Optimized isolation enables ex vivo analysis of microglia from various central nervous system regions

Ex vivo analysis is an accurate and convenient way to study in vivo microglia phenotype and function. However, current microglia isolation protocols for ex vivo analysis show many differences in isolation steps (perfusion, removal of meninges and blood vessels, mechanical dissociation, enzymatic dissociation, density separation, immunomagnetic separation, and fluorescence‐activated cell sorting), often without addressing their effects on microglia purity, number, phenotype, and function. Therefore, the aim of this study was to provide an optimized isolation protocol with emphasis on microglia purity and number to enable ex vivo analysis of adult mouse microglia. The application of this protocol for ex vivo phenotype and functional analysis is corroborated by results from flow cytometry, gene expression analysis, chemotaxis, and phagocytosis assays.

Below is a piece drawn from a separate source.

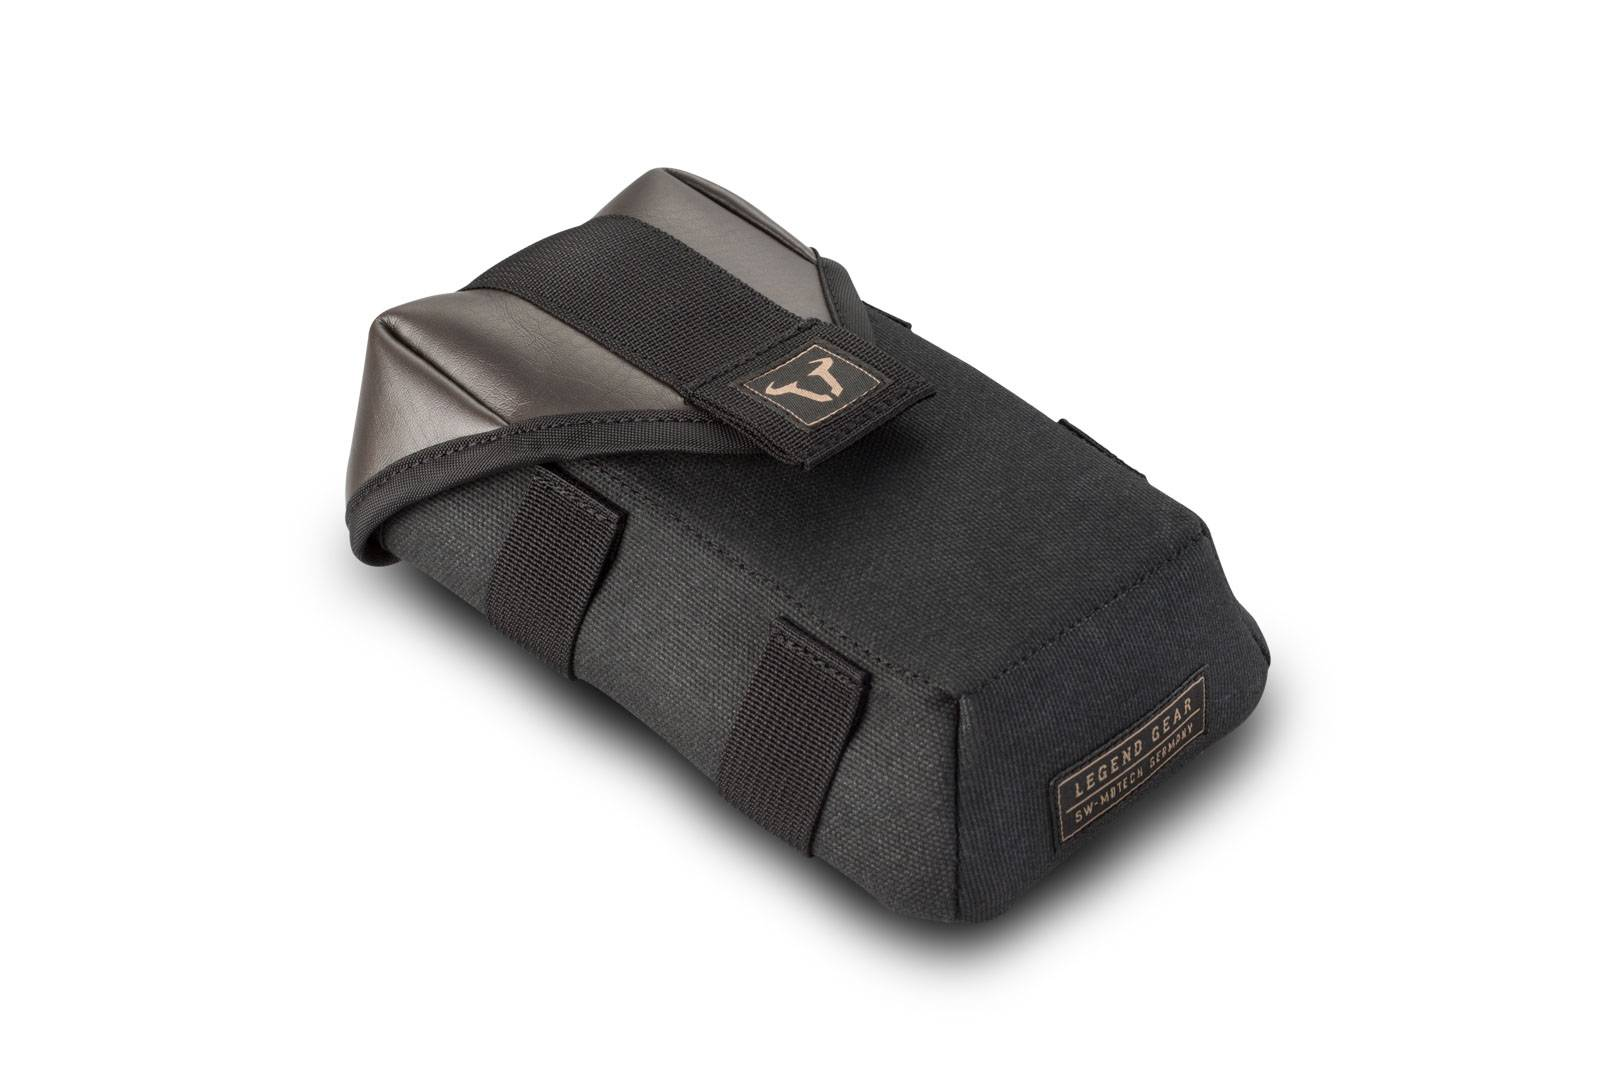 SW-Motech Legend Gear accessory bag LA1 - 0.8 l. Splash-proof. acce...

In addition, this study shows the possibility to analyze microglia isolated from various central nervous system regions such as optic nerve, striatum, hippocampus, spinal cord, cerebellum, and cerebral cortex. Furthermore, this is the first study presenting DRAQ5 as a superior alternative to propidium iodide for the discrimination between living and dead cells. DRAQ5 staining facilitated the identification of microglia upon flow cytometry without the need of additional fluorescent markers. Along with a favorable emission spectrum, DRAQ5 proved a valuable tool for flow cytometry of microglia. The presented optimized microglia isolation protocol for ex vivo analysis offers the opportunity to obtain more insight into both general and region‐specific microglia behavior. © 2007 Wiley‐Liss, Inc.